If two lines are skew, then $\overrightarrow{PQ}\cdot\left(\mathbf{u}\times\mathbf{v}\right)\neq0$? Suppose two lines are described by the vector equations:
$$\mathbf{r}=\overrightarrow{OP}+\lambda\mathbf{u} \hspace{10pt} \text{and} \hspace{10pt}\mathbf{r}=\overrightarrow{OQ}+\lambda\mathbf{v} \hspace{10pt} \left(\lambda\in\mathbb{R}\right),$$
where $P$ and $Q$ are points and $\mathbf{u}$ and $\mathbf{v}$ are non-zero vectors (called the lines' direction vectors).

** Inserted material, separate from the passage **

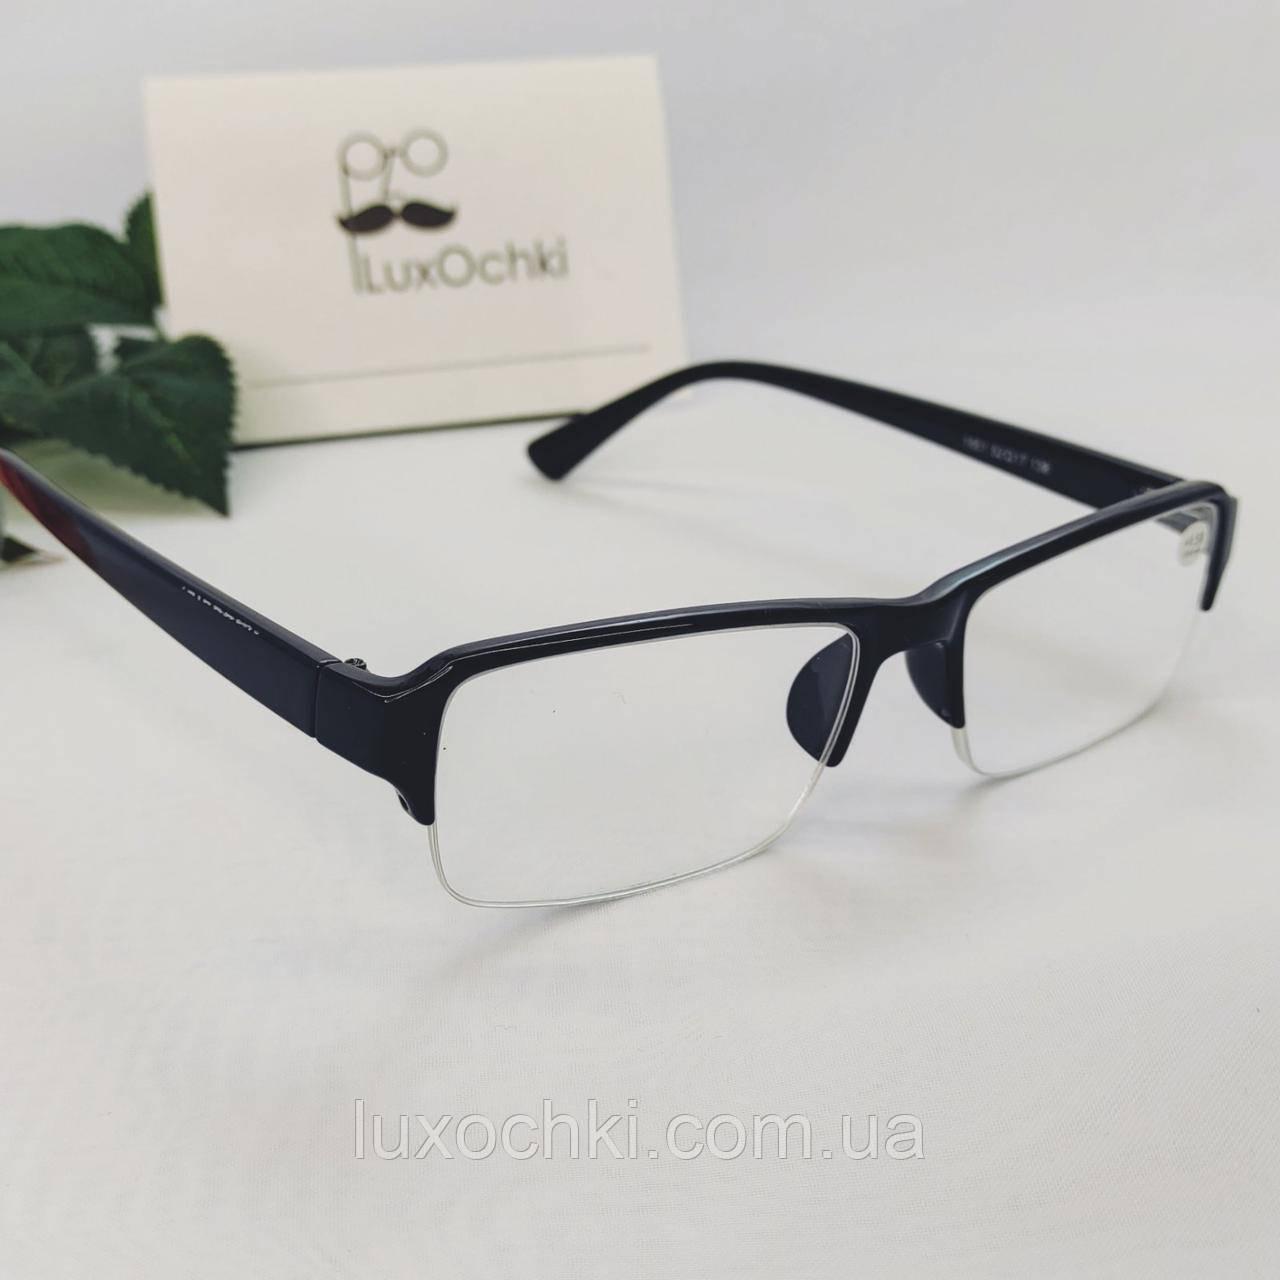 Готовые диоптрические очки  +1.5 полуободковые

I believe the following claim is true:
Claim. If $\overrightarrow{PQ}\cdot\left(\mathbf{u}\times\mathbf{v}\right)\neq0$, then the two lines are skew.
But is its converse true:
Conjecture. If the two lines are skew, then $\overrightarrow{PQ}\cdot\left(\mathbf{u}\times\mathbf{v}\right)\neq0$.

(Definition. Two lines are skew if they do not intersect and are not parallel.

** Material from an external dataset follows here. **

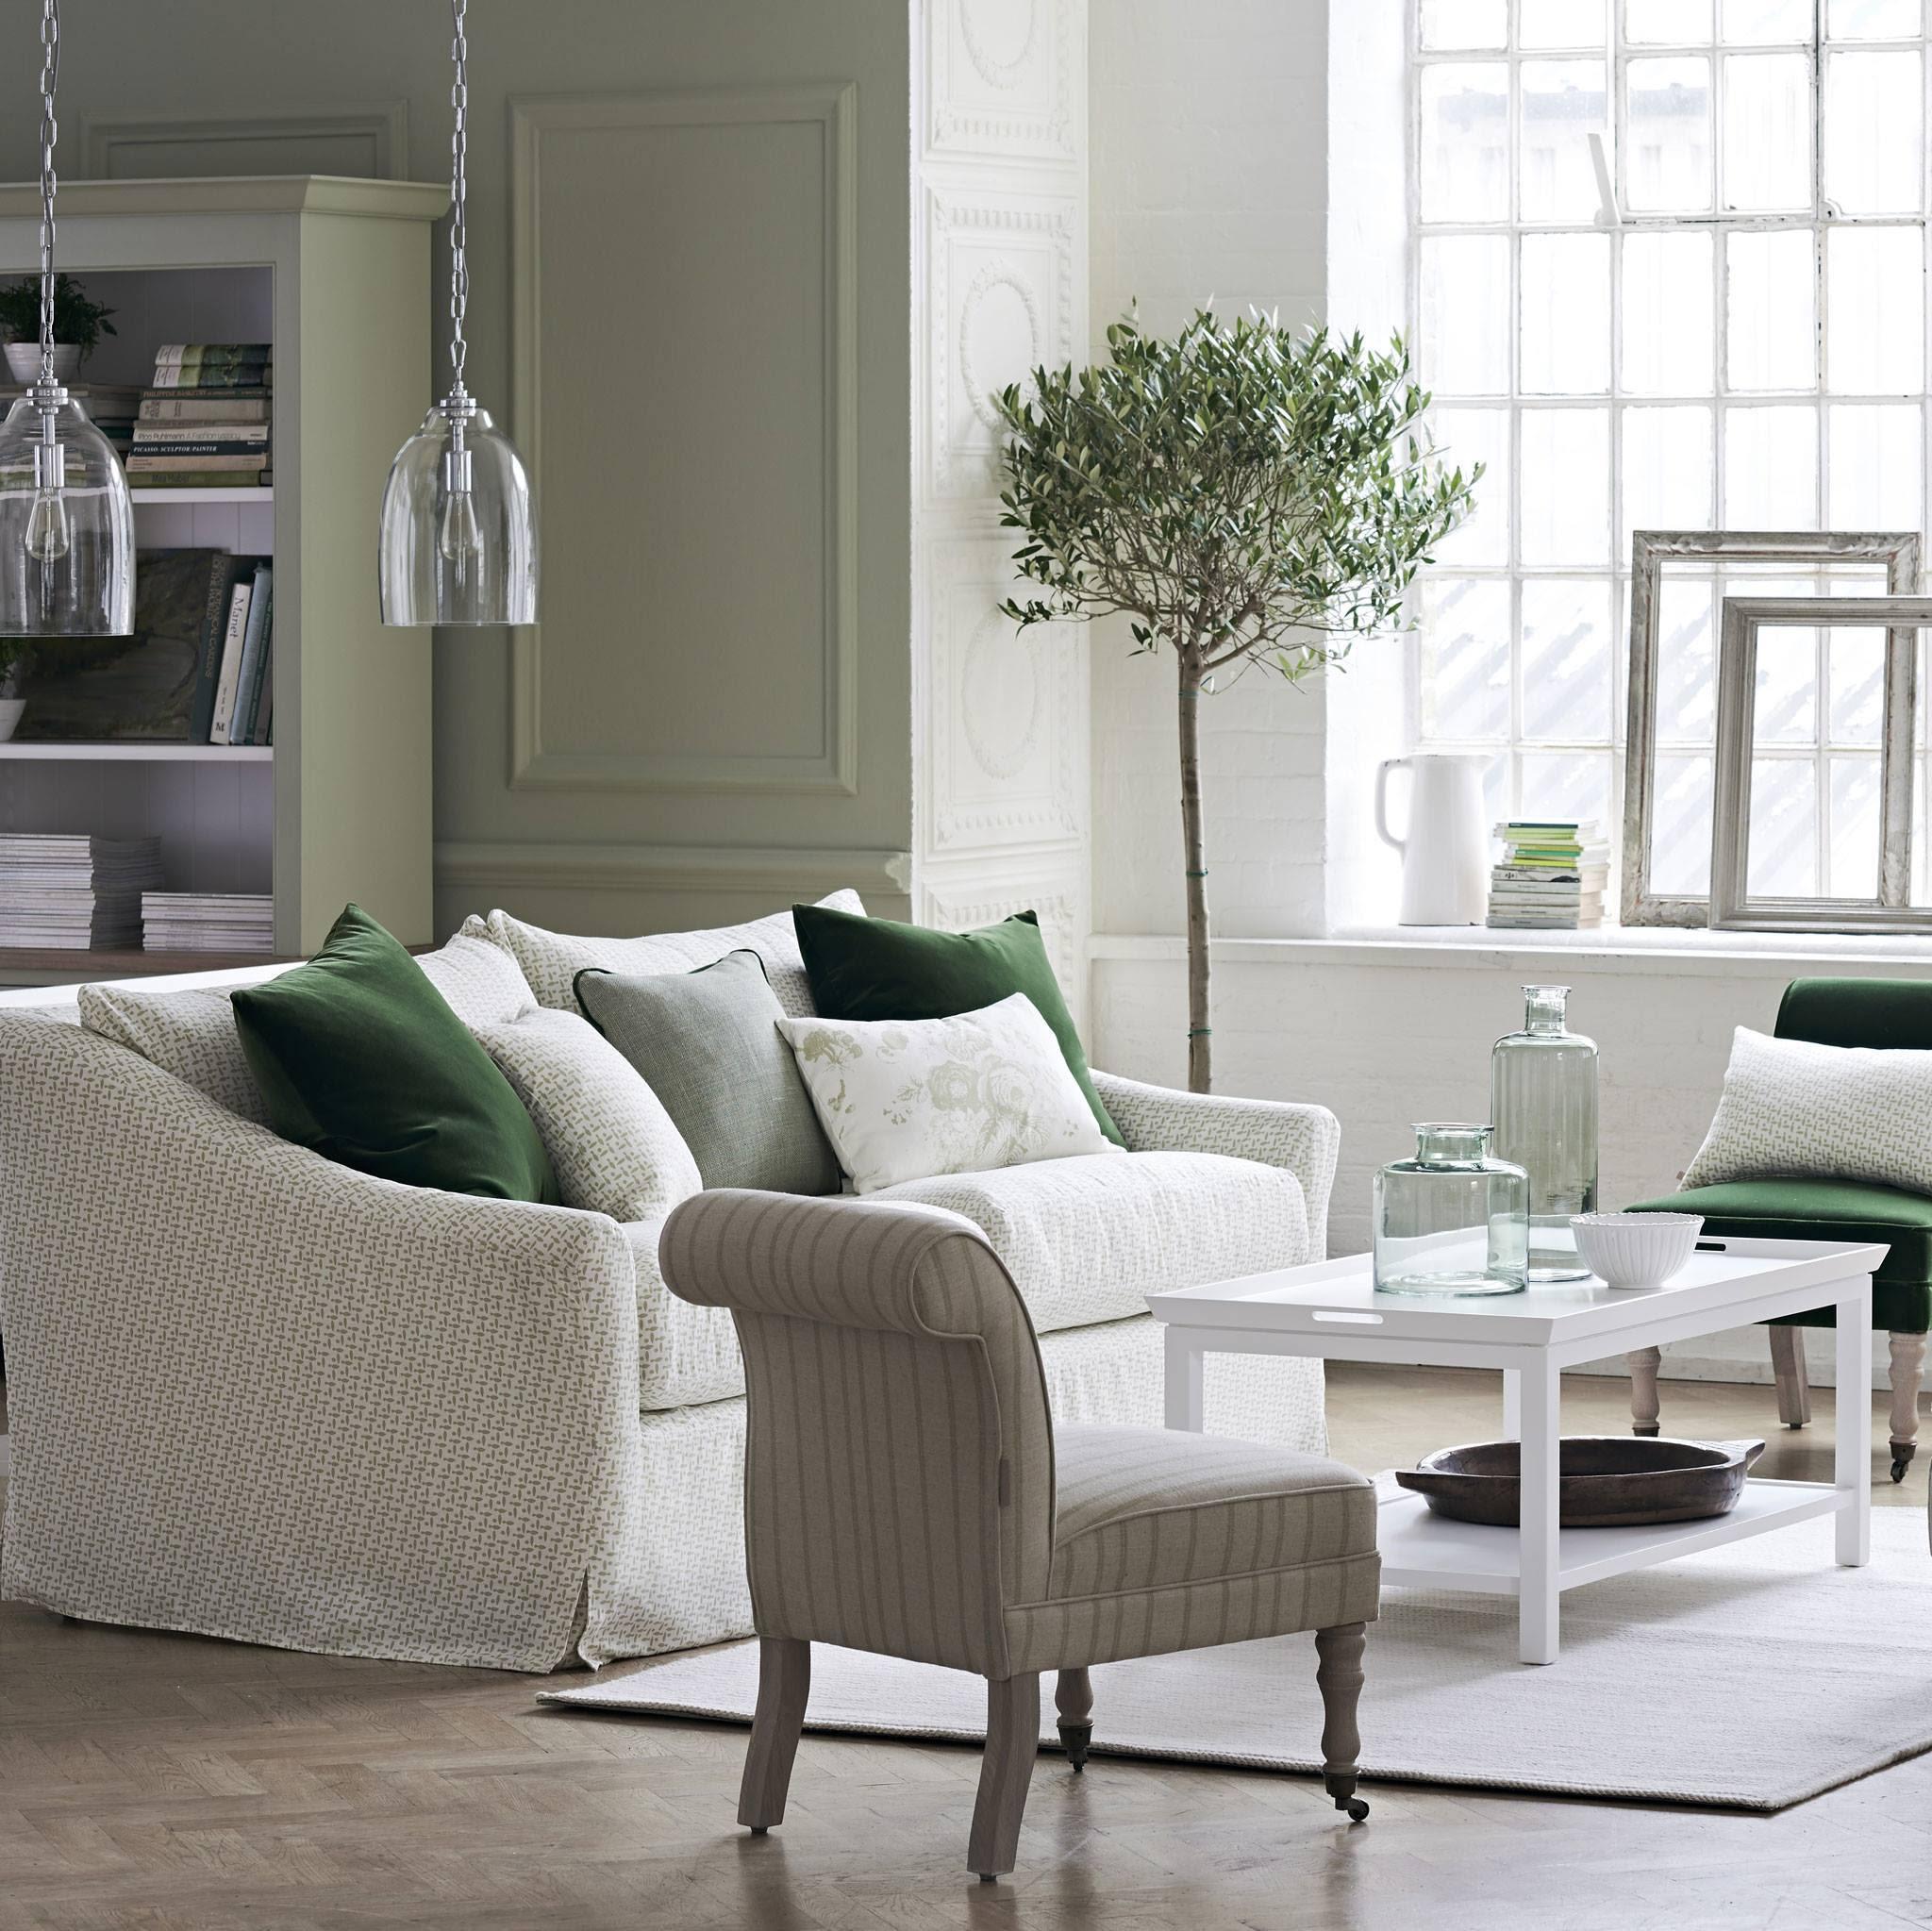 Sofa Landhaus Landhausstil Holz Luxus Ikea S5d8 Ideen Big ...

Definition. Two lines are parallel if their direction vectors can be written as non-zero multiples of each other.)
 A: The quantity $\overrightarrow{PQ} \cdot (\mathbf{u} \times \mathbf{v})$ is known as the scalar triple product. It corresponds with the determinant of the matrix formed by putting the vectors as rows (or columns, equivalently). As such, it is $0$ if and only if the vectors are linearly dependent.

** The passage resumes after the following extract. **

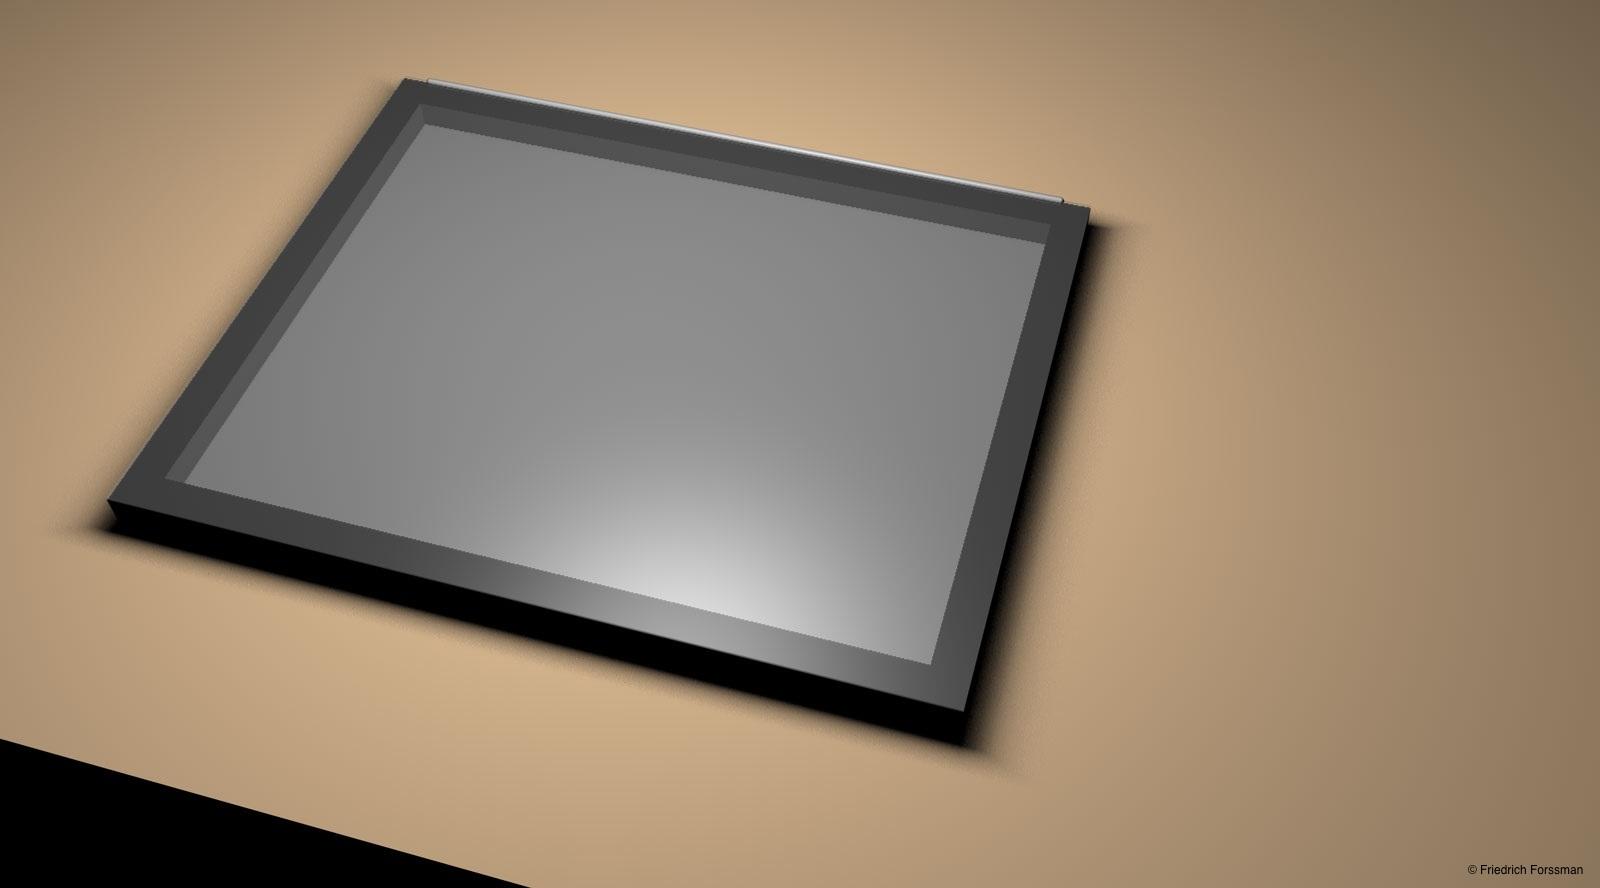 Das BragBook™. Zeitloses Design in hochwertigem Kunststoff.

Note that, if two lines are skew, then $\mathbf{u}$ is independent from $\mathbf{v}$, that is, neither is a scalar multiple of each other. Suppose for the sake of contradiction that $\overrightarrow{PQ} \cdot (\mathbf{u} \times \mathbf{v}) = 0$. Then the vectors are linearly dependent, hence
$$\overrightarrow{PQ} = a \mathbf{u} + b \mathbf{v}$$
for some $a, b \in \mathbb{R}$. Consider the plane $\Pi$, going through $P$, generated by directions $u$ and $v$. That is,
$$\Pi = \left\lbrace \overrightarrow{OP} + \lambda \mathbf{u} + \mu \mathbf{v} : \lambda, \mu \in \mathbb{R}\right\rbrace.$$
Then both lines lie in $\Pi$. Obviously the first line lies in $\Pi$ because we can choose $\mu = 0$. The second line lies in $\Pi$ because
$$\overrightarrow{OQ} + \lambda \mathbf{v} = \overrightarrow{OP} + \overrightarrow{PQ} + \lambda \mathbf{v} = \overrightarrow{OP} + a\mathbf{u} + (\lambda + b) \mathbf{v} \in \Pi.$$
The lines are coplanar, hence they follow the Euclidean dichotomy: they intersect or they're parallel. Either way, they're not skew, which is a contradiction.